### Activity
Below are records with pictures; copy word for word only the lines between the line with "ANSIA E DEPRESSIONE" and the line with "قيادات الجيش الأمريكي", inclusive, and drop the pictures.

### Data supplied
────

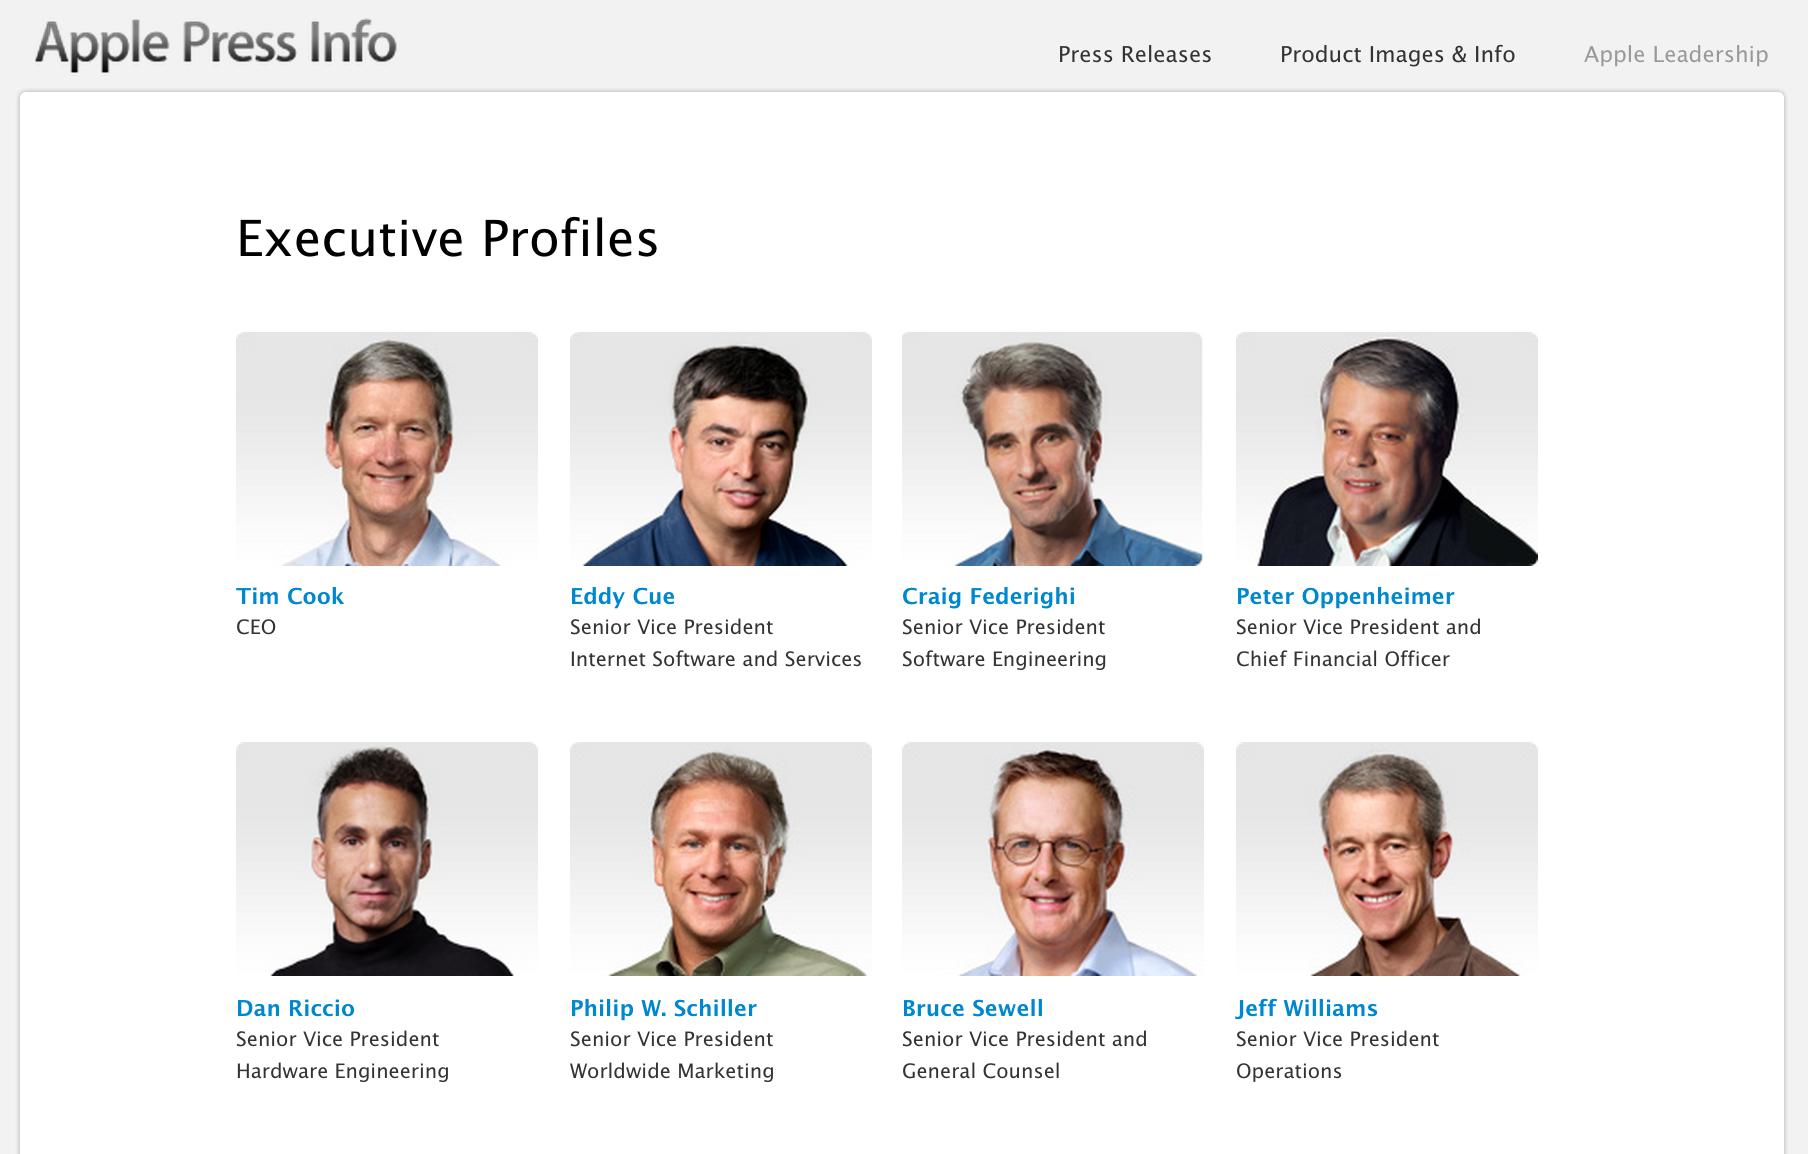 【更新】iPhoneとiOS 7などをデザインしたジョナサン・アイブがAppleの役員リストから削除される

────

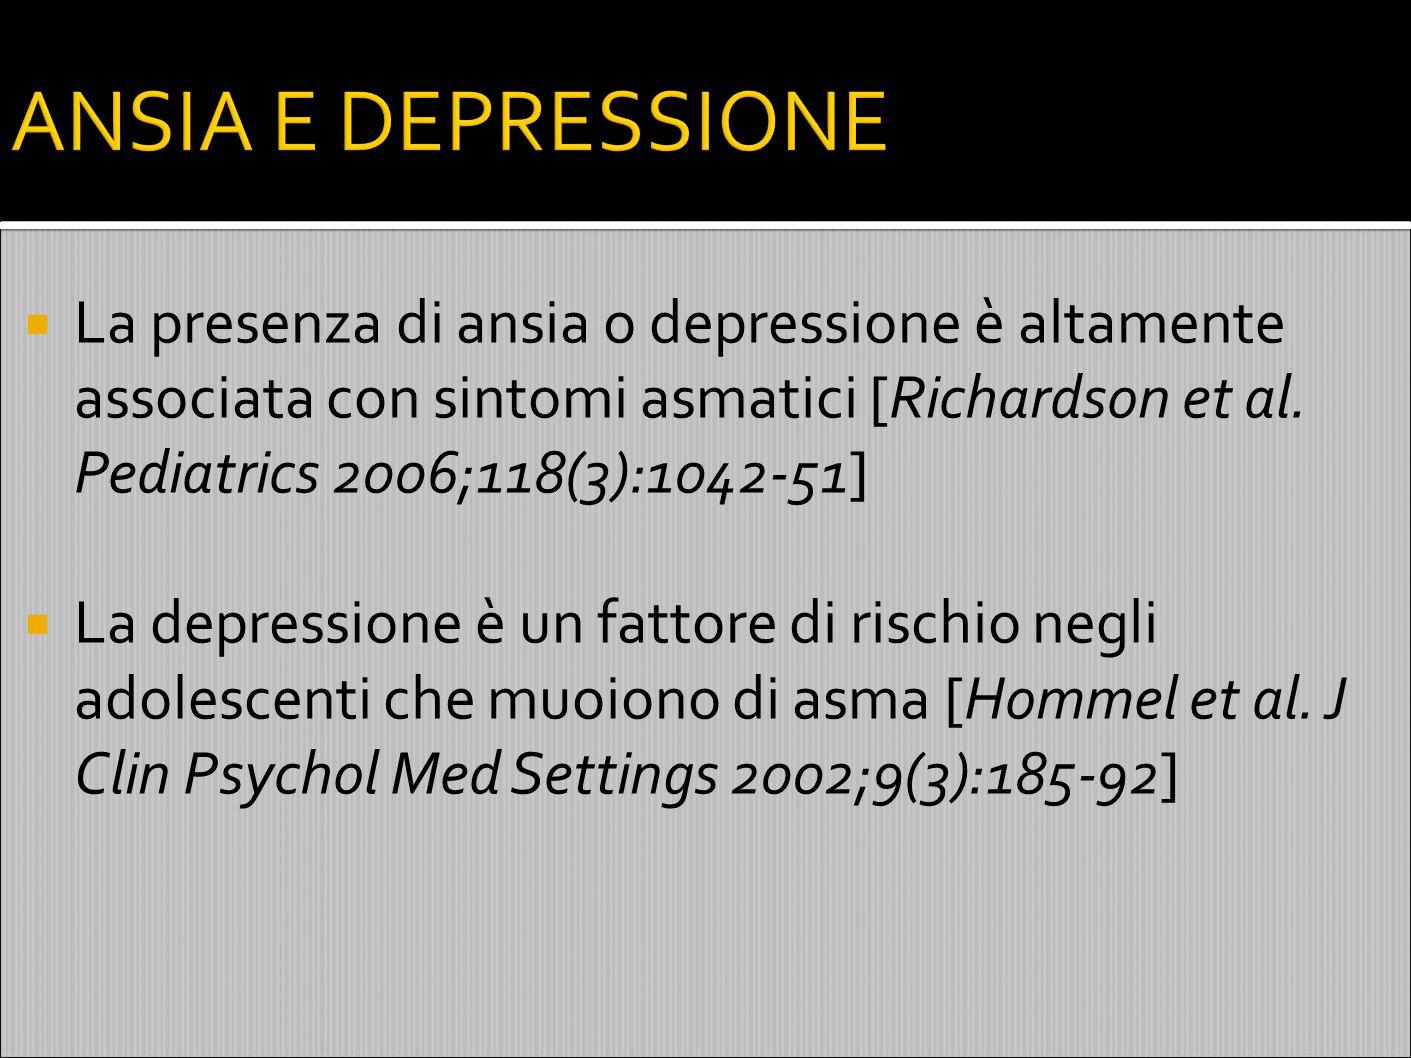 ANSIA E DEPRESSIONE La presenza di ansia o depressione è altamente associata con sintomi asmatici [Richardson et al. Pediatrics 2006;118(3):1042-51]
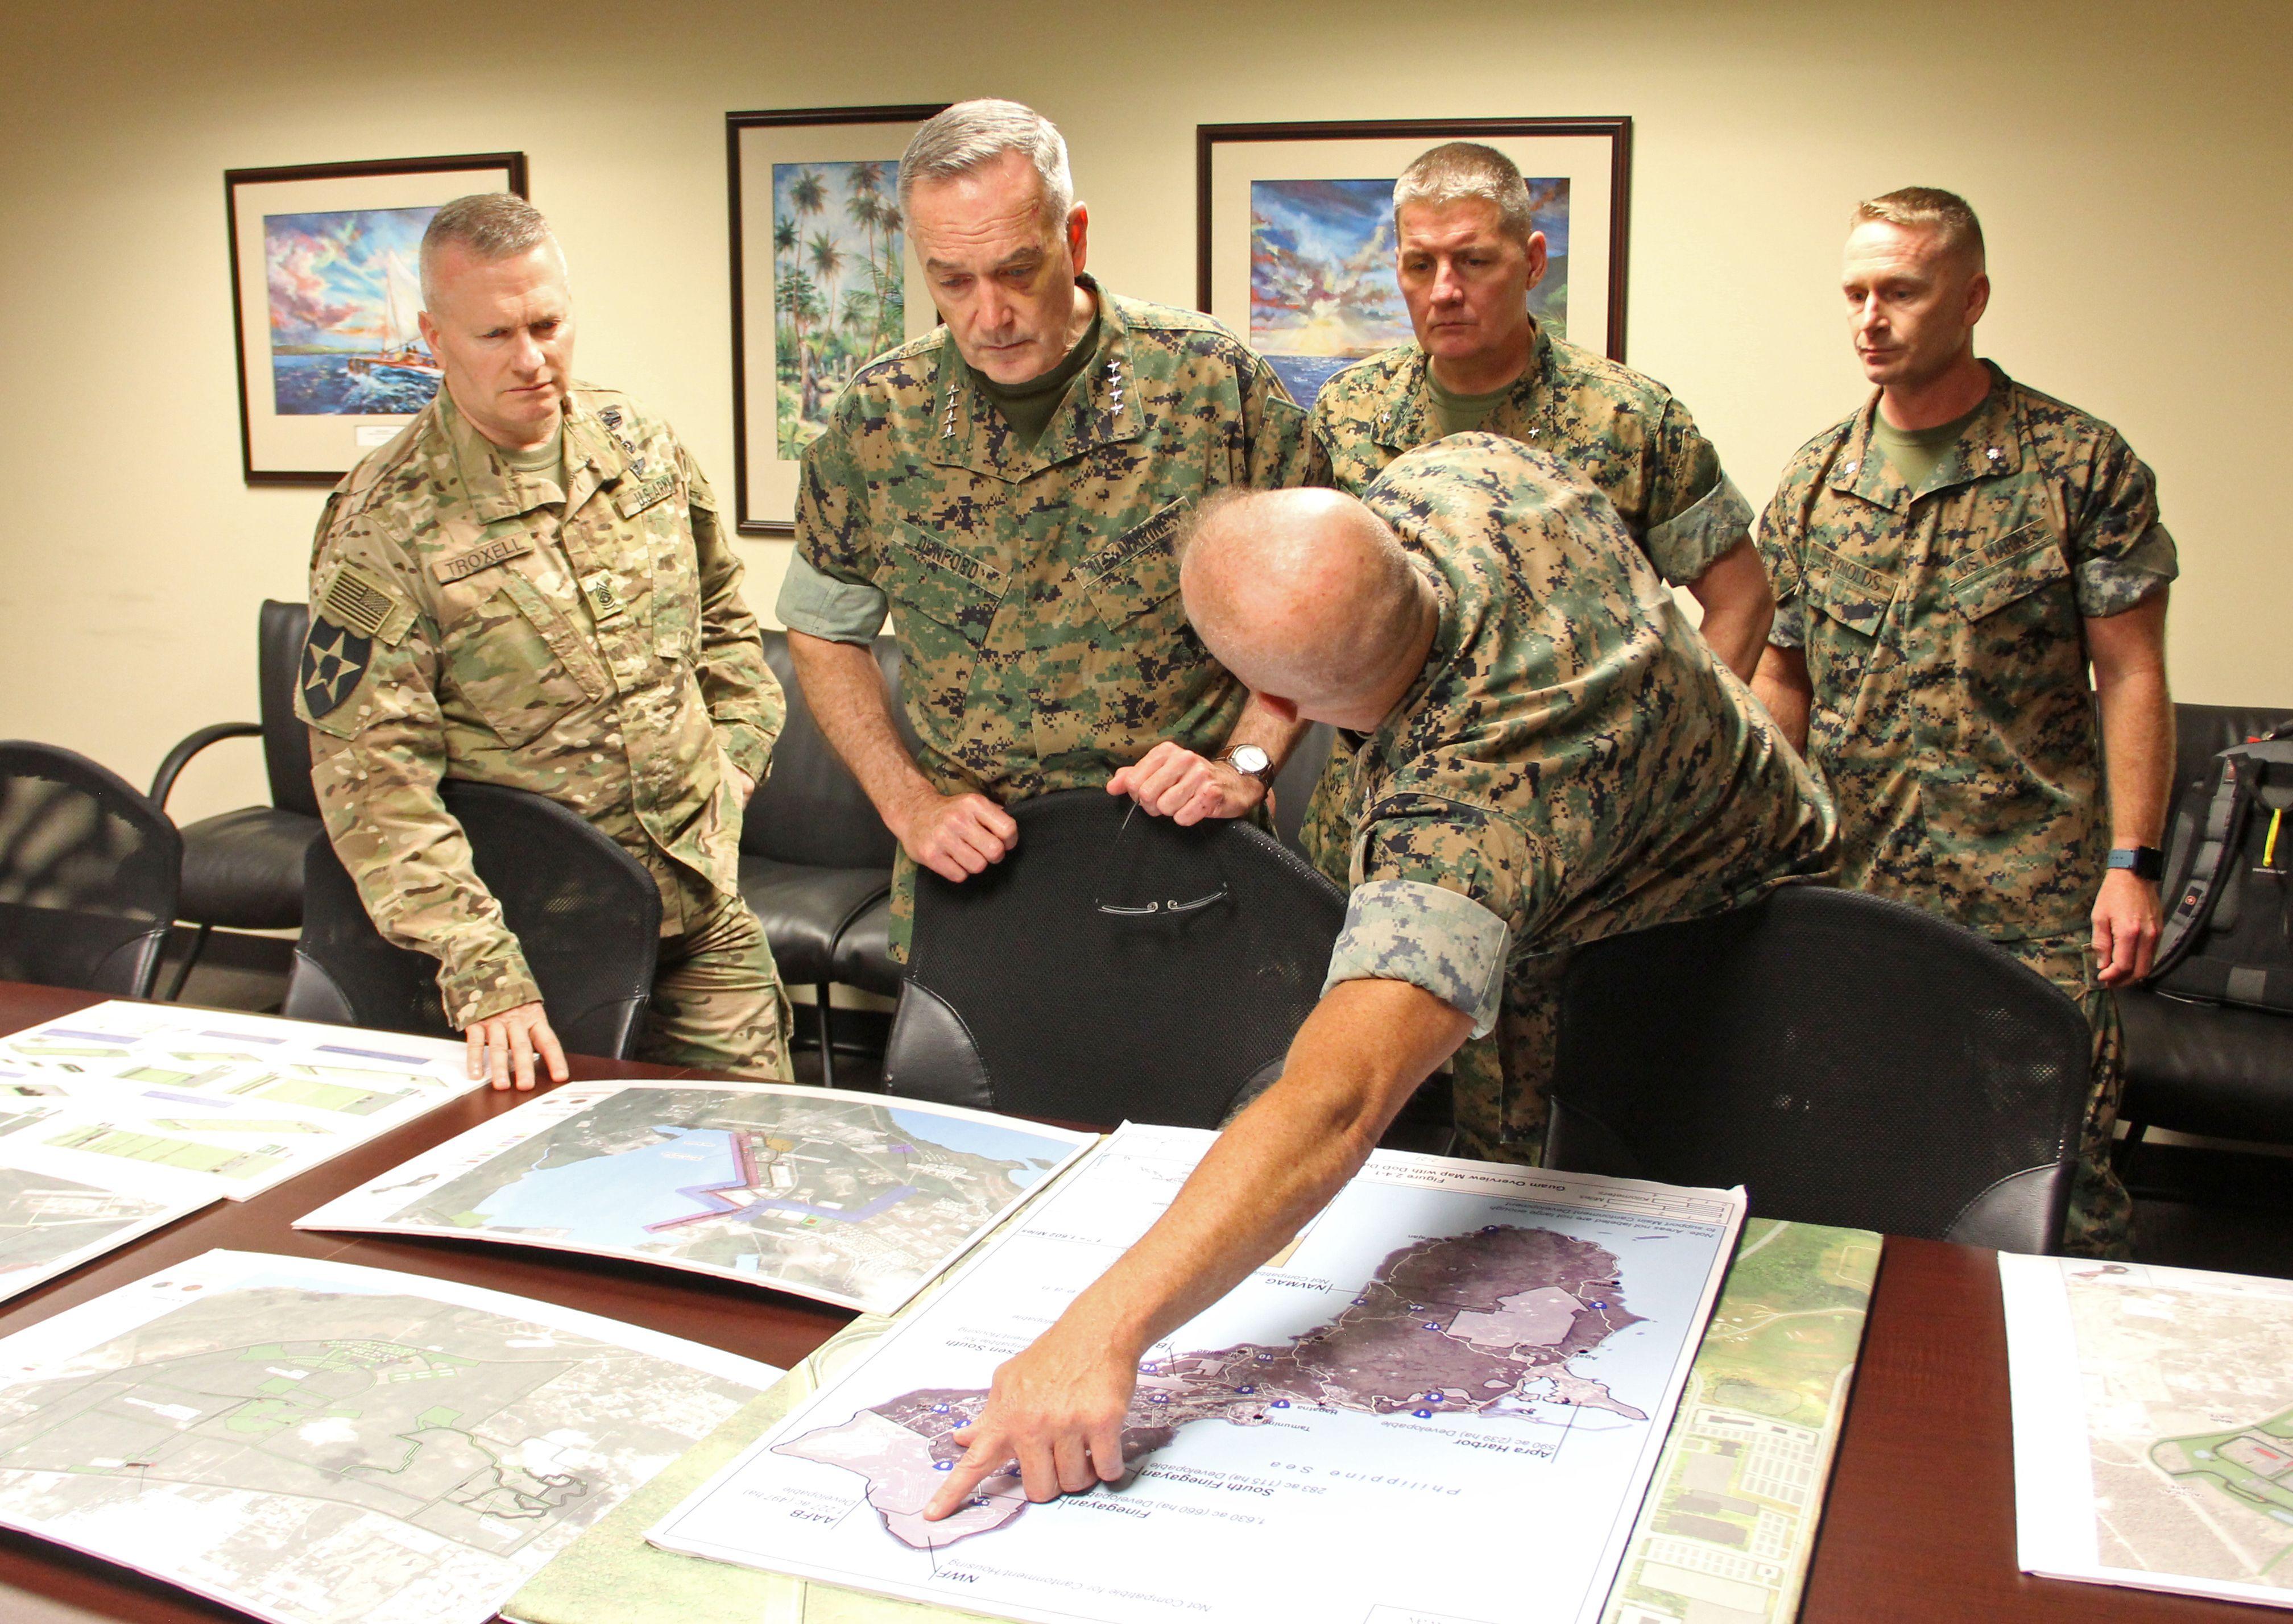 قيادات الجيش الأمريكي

────

### Completed exercise
 ANSIA E DEPRESSIONE La presenza di ansia o depressione è altamente associata con sintomi asmatici [Richardson et al. Pediatrics 2006;118(3):1042-51]
 قيادات الجيش الأمريكي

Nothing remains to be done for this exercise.